Page MenuHomePhabricator

investigate slapd memory leak
Open, HighPublic

Description

it looks like slapd / openldap regularly leaks memory on seaborgium / serpens, and one of the causes for T130446: Unable to SSH onto tools-login.wmflabs.org

Details

Related Gerrit Patches:

Related Objects

Event Timeline

Moving to a backport of 2.4.41 is probably the better solution, though.

Seaborgium went OOM briefly just now and threw some errors.

Dzahn added a subscriber: Dzahn.Apr 21 2016, 1:54 AM

seems like we had one again today. serpens and seaborgium were reported by Icinga as having various issues. then serpens recoverd itself. seaborgium showed puppet errors. so i ran puppet to check and:

seaborgium puppet-agent[6631]: Could not run command from postrun_command: Cannot allocate memory - fork(2)

i restarted slapd and that apparently fixed it

I'll build a backport of 2.4.41.

Mentioned in SAL [2016-05-02T09:58:44Z] <moritzm> uploaded openldap 2.4.41+wmf1 for jessie-wikimedia to carbon (T130593)

I have tested the 2.4.41 packages in vagrant with a syncrepl setup and seems fine. Update will happen next week, not really something for a Friday...

Mentioned in SAL [2016-07-17T10:31:13Z] <godog> restart slapd on serpens - T130593

Mentioned in SAL [2016-07-19T09:10:29Z] <godog> upgrade slapd to 2.4.41+dfsg-1+wmf1 on serpens - T130593

freshly restarted slapd

openldap 16378  1.8  1.2 466556 52048 ?        Ssl  09:10   0:03 /usr/sbin/slapd -h ldap:/// ldaps:/// ldapi:/// -g openldap -u openldap -f /etc/ldap/slapd.conf

serpens still shows some memory growth, possibly not fixed yet

I had to reboot seaborgium today as it froze up and took out ldap with it.

!log gnt-instance reboot seaborgium.wikimedia.org

I would say...definitely something is still up, and the really confusing thing is that the presence of serpens does not stop a sea of cascading failure.

indeed, looks like serpens started leaking memory even with an updated slapd, and as soon as it took over from seaborgium.

yuvipanda removed MoritzMuehlenhoff as the assignee of this task.Jul 25 2016, 3:42 PM
yuvipanda raised the priority of this task from Normal to High.

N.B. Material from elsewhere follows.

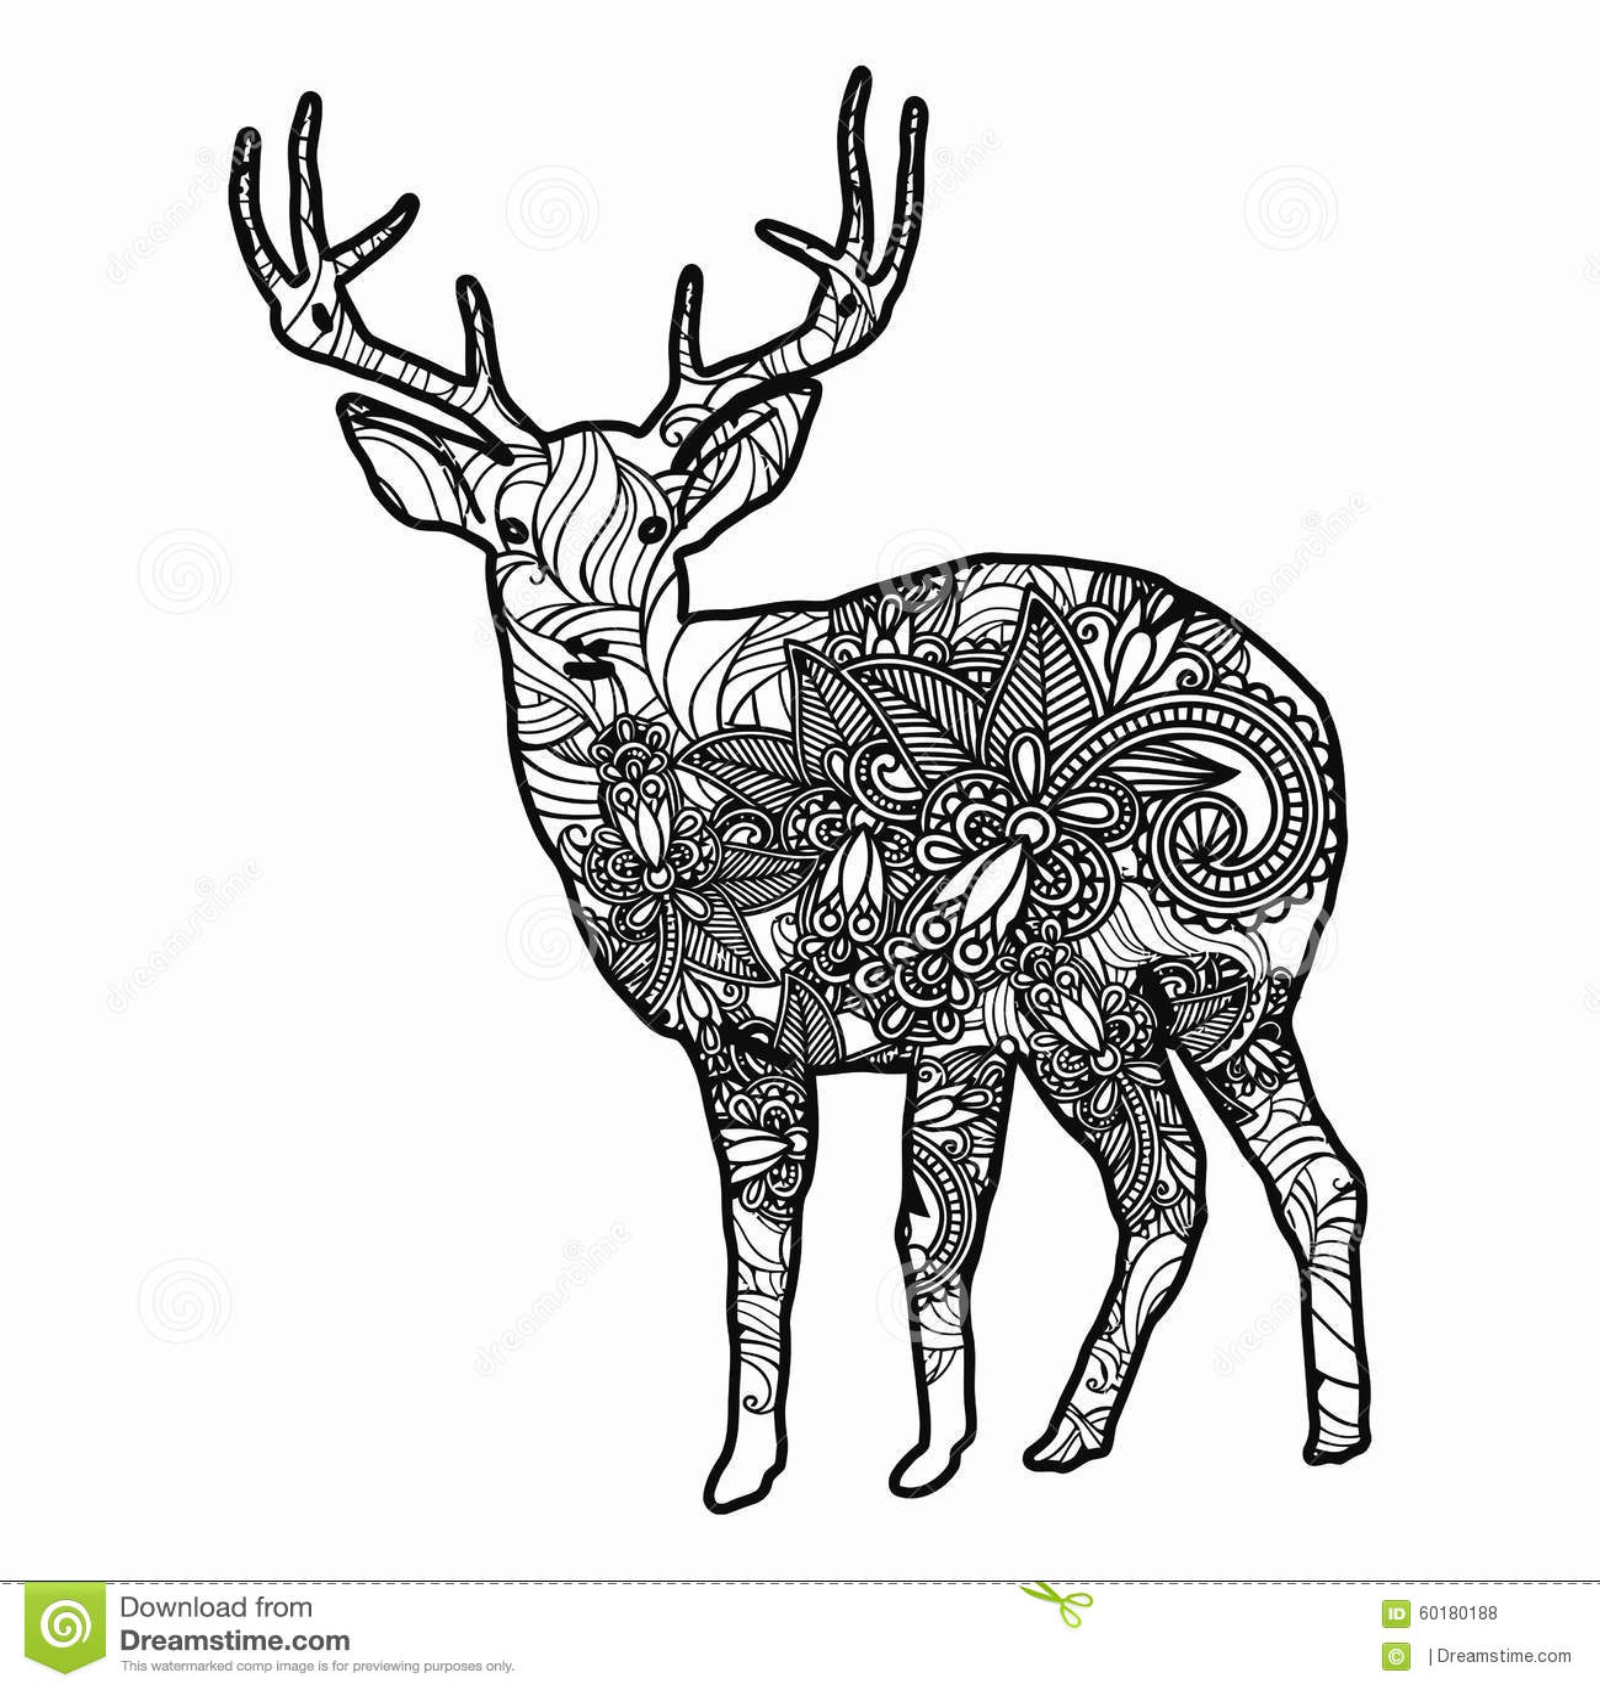 Zentangle Stylized Deer Illustration Hand Drawn Doodle

(moving to high since this caused a couple more outages)

Have we considered giving it more RAM?

Have we considered giving it more RAM?

Won't help much, only stretching the interval until it OOMs at some point again.

Change 300902 had a related patch set uploaded (by Dzahn):
labs: restart slapd once a week

https://gerrit.wikimedia.org/r/300902

Change 300902 merged by Andrew Bogott:
labs: restart slapd if it uses > 50% of memory

https://gerrit.wikimedia.org/r/300902

Dzahn added a comment.Aug 3 2016, 6:13 PM

crons have been created on serpens and seaborgium. they will check once an hour (at a random minute so they are never restarted at the same time) if more than 50% of memory is used and restart the service with systemctl if that is the case.

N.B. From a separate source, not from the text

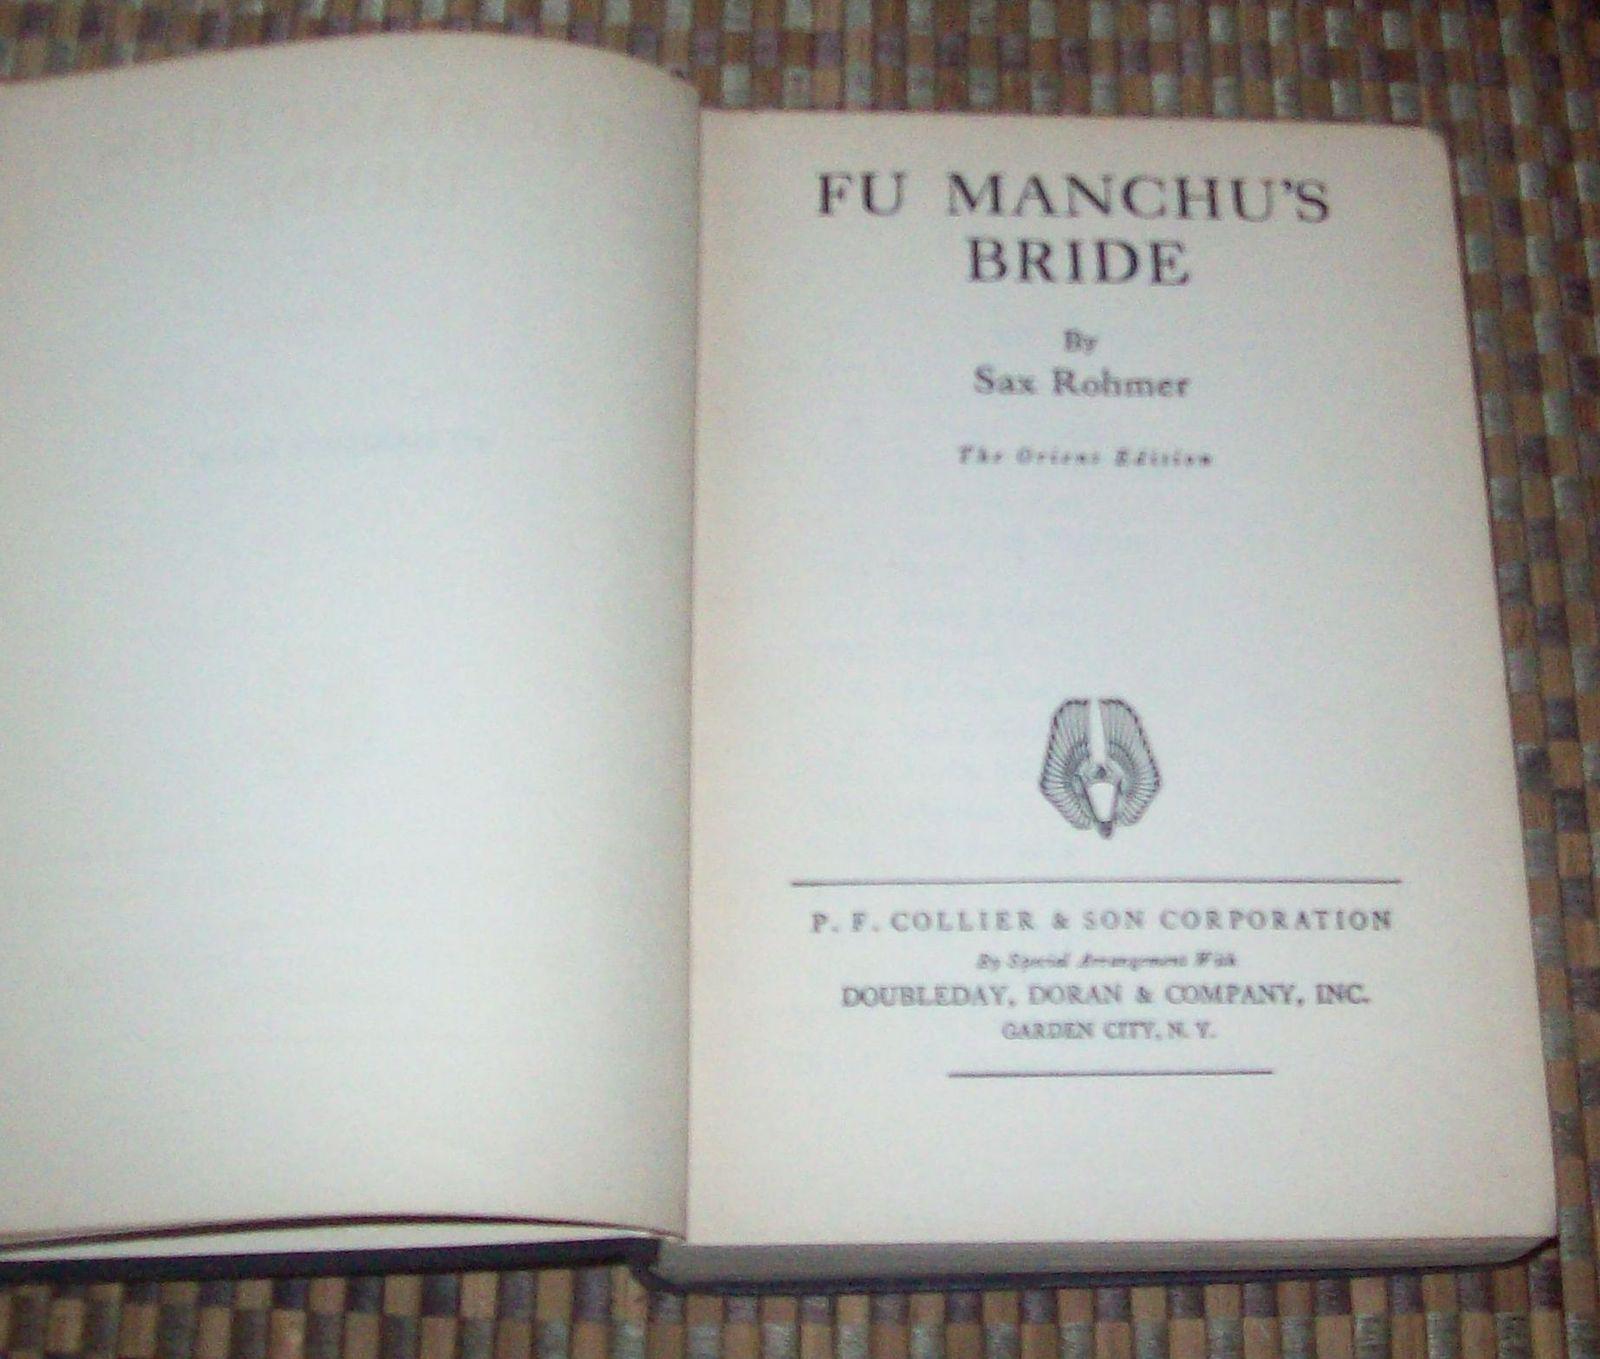 Fu Manchu's Bride by Sax Rohmer Orient Ed. 1933 HB

at the time of merging seaborgium was at about 46% and serpens at about 26%. i restarted slapd on seaborgium manually once and it went down to like 1% (!sic). Serpens i left as it was, so that will reach the 50% first.

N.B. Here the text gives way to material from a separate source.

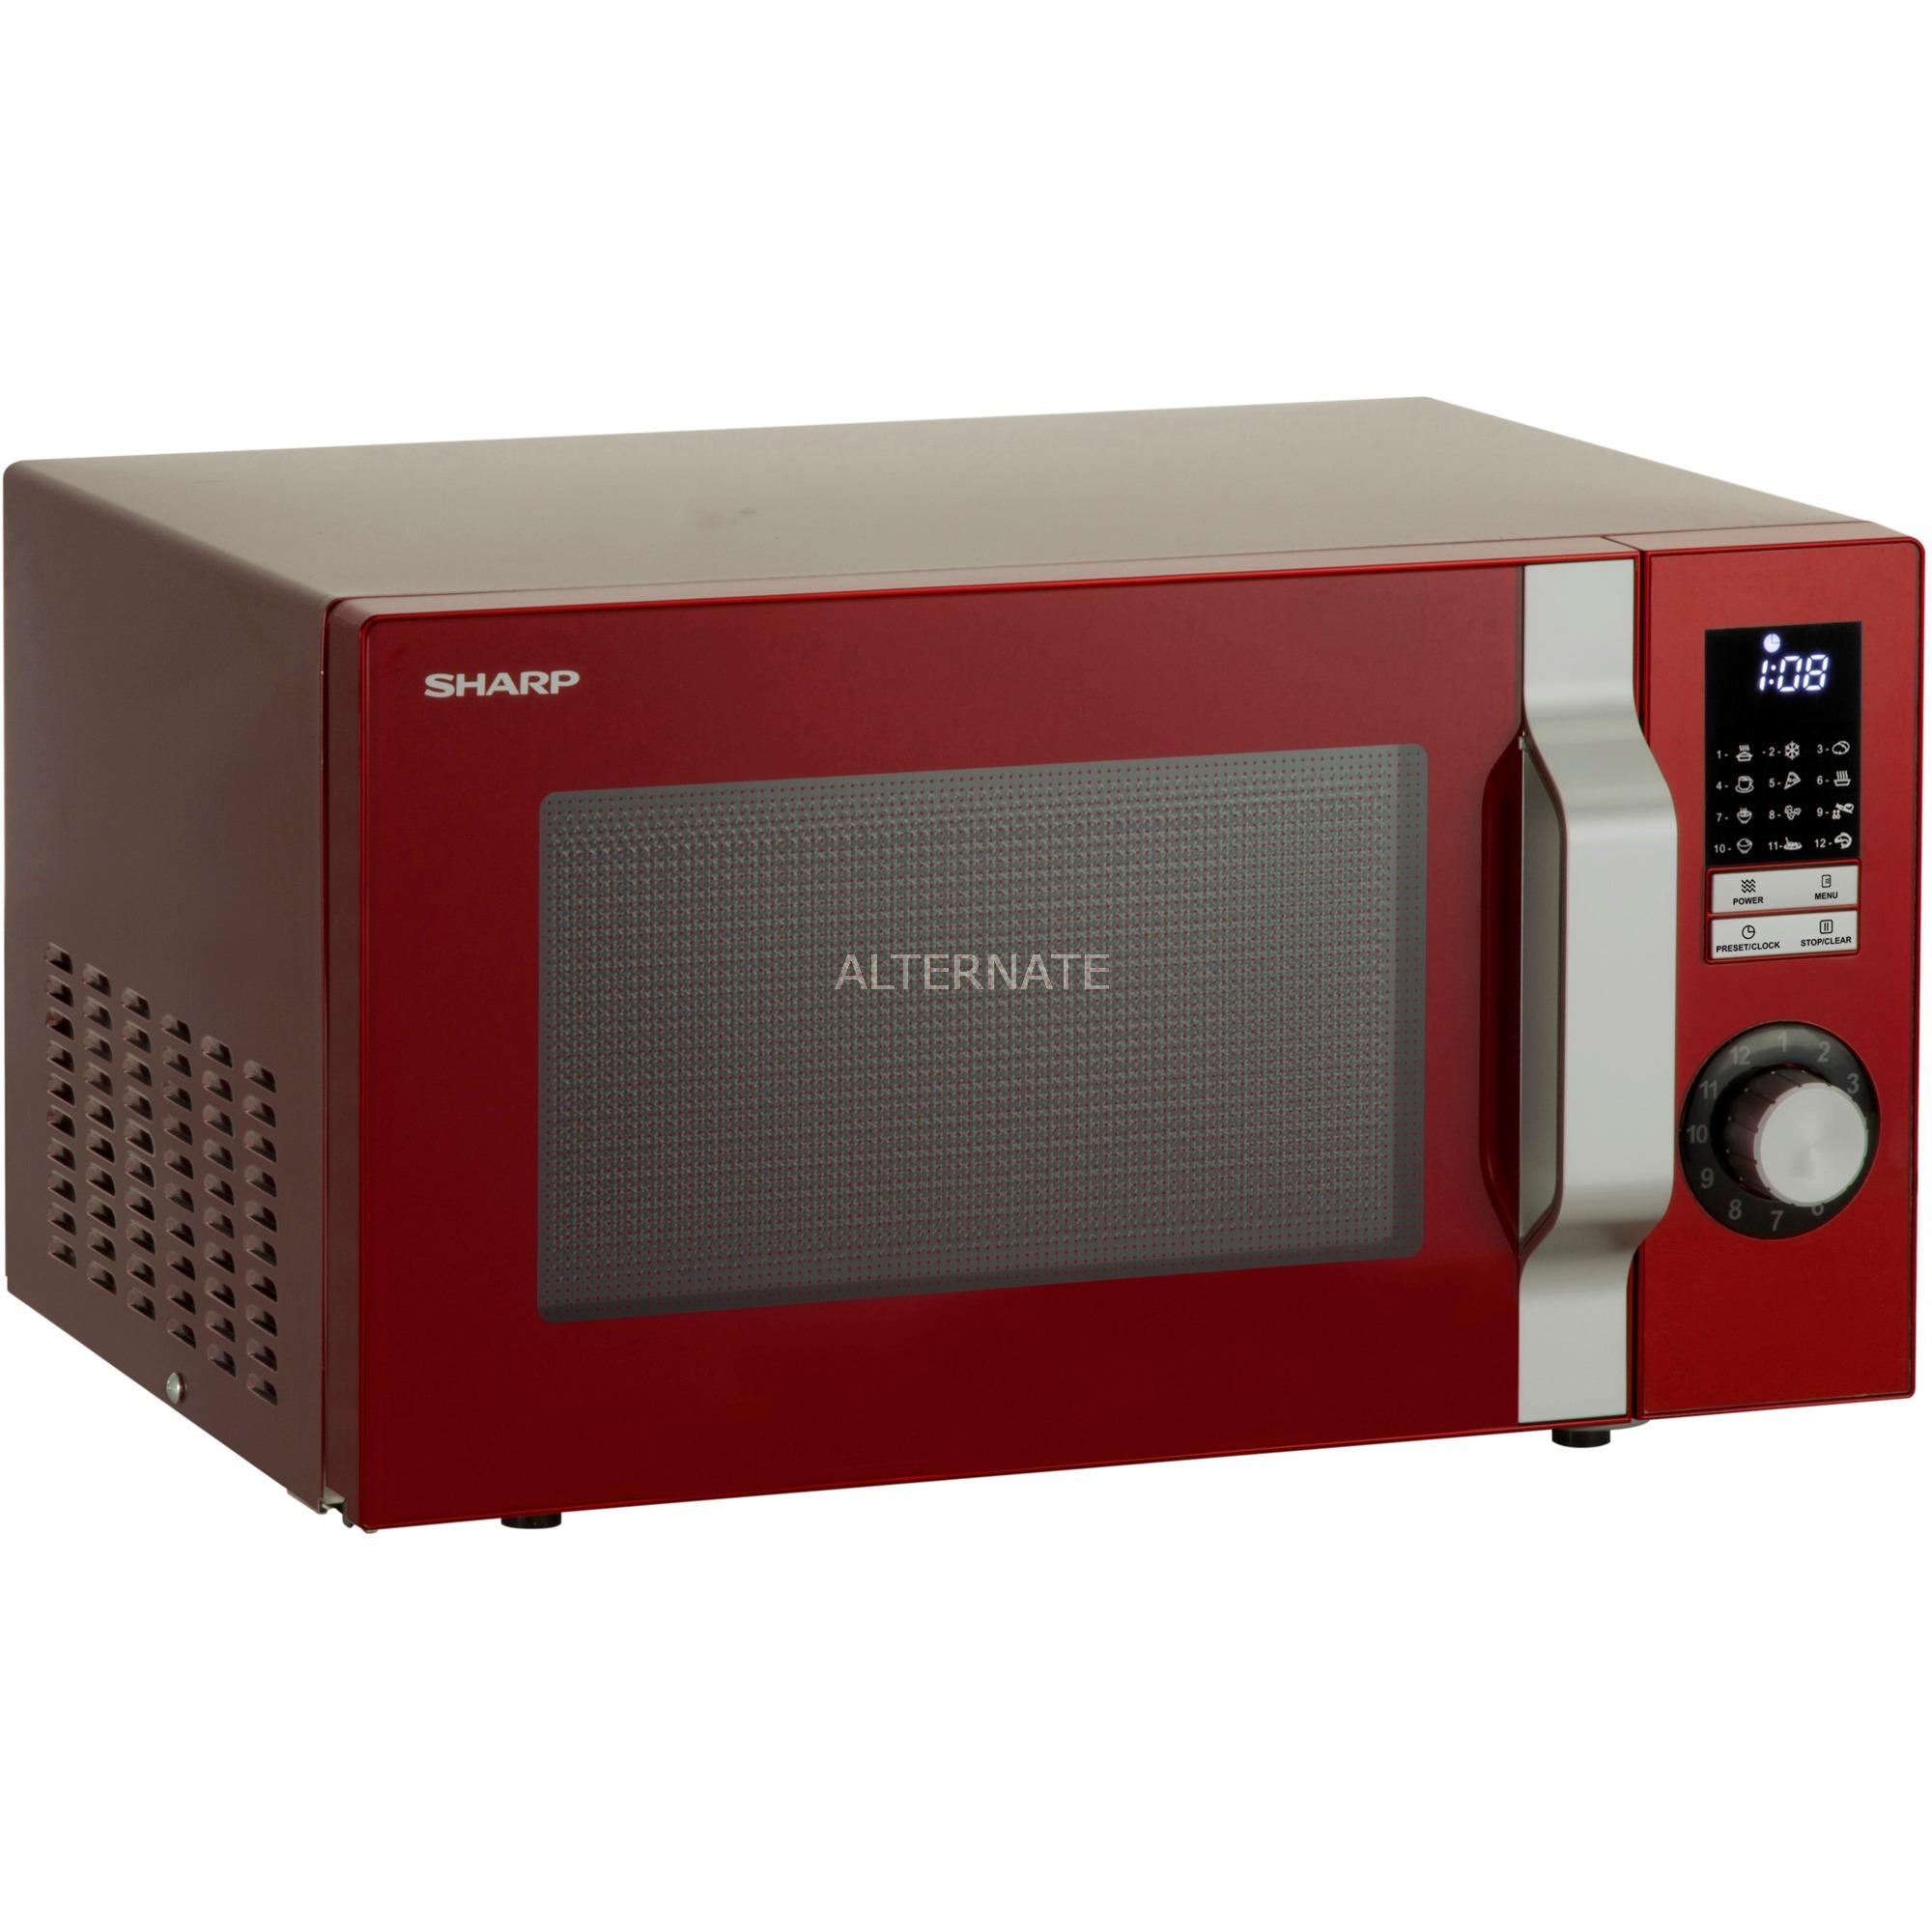 R-344RD Mikrowelle / 900 W / 25 L / LED-Display / Zeitschaltuhr / 12 Automatikprogramme / Rot Encimera Solo microondas Rojo

[seaborgium:~] $ sudo crontab -u root -l | grep slap
# Puppet Name: restart_slapd
30 * * * * /bin/ps -C slapd -o pmem= | awk '{sum+=$1} END { if (sum <= 50.0) exit 1  }' && /bin/systemctl restart slapd >/dev/null 2>/dev/null

[serpens:~] $ sudo crontab -u root -l | grep slap
# Puppet Name: restart_slapd
49 * * * * /bin/ps -C slapd -o pmem= | awk '{sum+=$1} END { if (sum <= 50.0) exit 1  }' && /bin/systemctl restart slapd >/dev/null 2>/dev/null
Dzahn added a comment.Aug 3 2016, 6:14 PM
[seaborgium:~] $ /bin/ps -C slapd -o pmem=
 3.5

[serpens:~] $ /bin/ps -C slapd -o pmem=
27.1
akosiaris closed this task as Resolved.Jun 30 2017, 8:51 AM
akosiaris claimed this task.
akosiaris added a subscriber: akosiaris.

I am guessing this works fine ? Since then we 've had 0 troubles if I am not mistaken. I am resolving, feel free to reopen

Yep, no problems in ages. Thanks for the bug cleanup.

chasemp reopened this task as Open.Jun 30 2017, 6:04 PM

I don't think this should be closed as long as this stuff exists:

modules/role/manifests/openldap/labs.pp

# restart slapd if it uses more than 50% of memory (T130593)
cron { 'restart_slapd':
    ensure  => present,
    minute  => fqdn_rand(60, $title),
    command => "/bin/ps -C slapd -o pmem= | awk '{sum+=\$1} END { if (sum <= 50.0) exit 1 }' \
    && /bin/systemctl restart slapd >/dev/null 2>/dev/null",
}

Yeah, that's correct, the underlying memory leak isn't fixed, only hidden by the restarts. This is likely still unfixed in stretch, there's nothing in the 2.4.41-2.4.44 changelog which points to a fix.

akosiaris removed akosiaris as the assignee of this task.Dec 19 2017, 10:28 AM

@GTirloni upgraded OpenLDAP on serpens to 2.4.47, but that doesn't change the memory leak.

GTirloni removed a subscriber: GTirloni.Mar 21 2019, 9:06 PM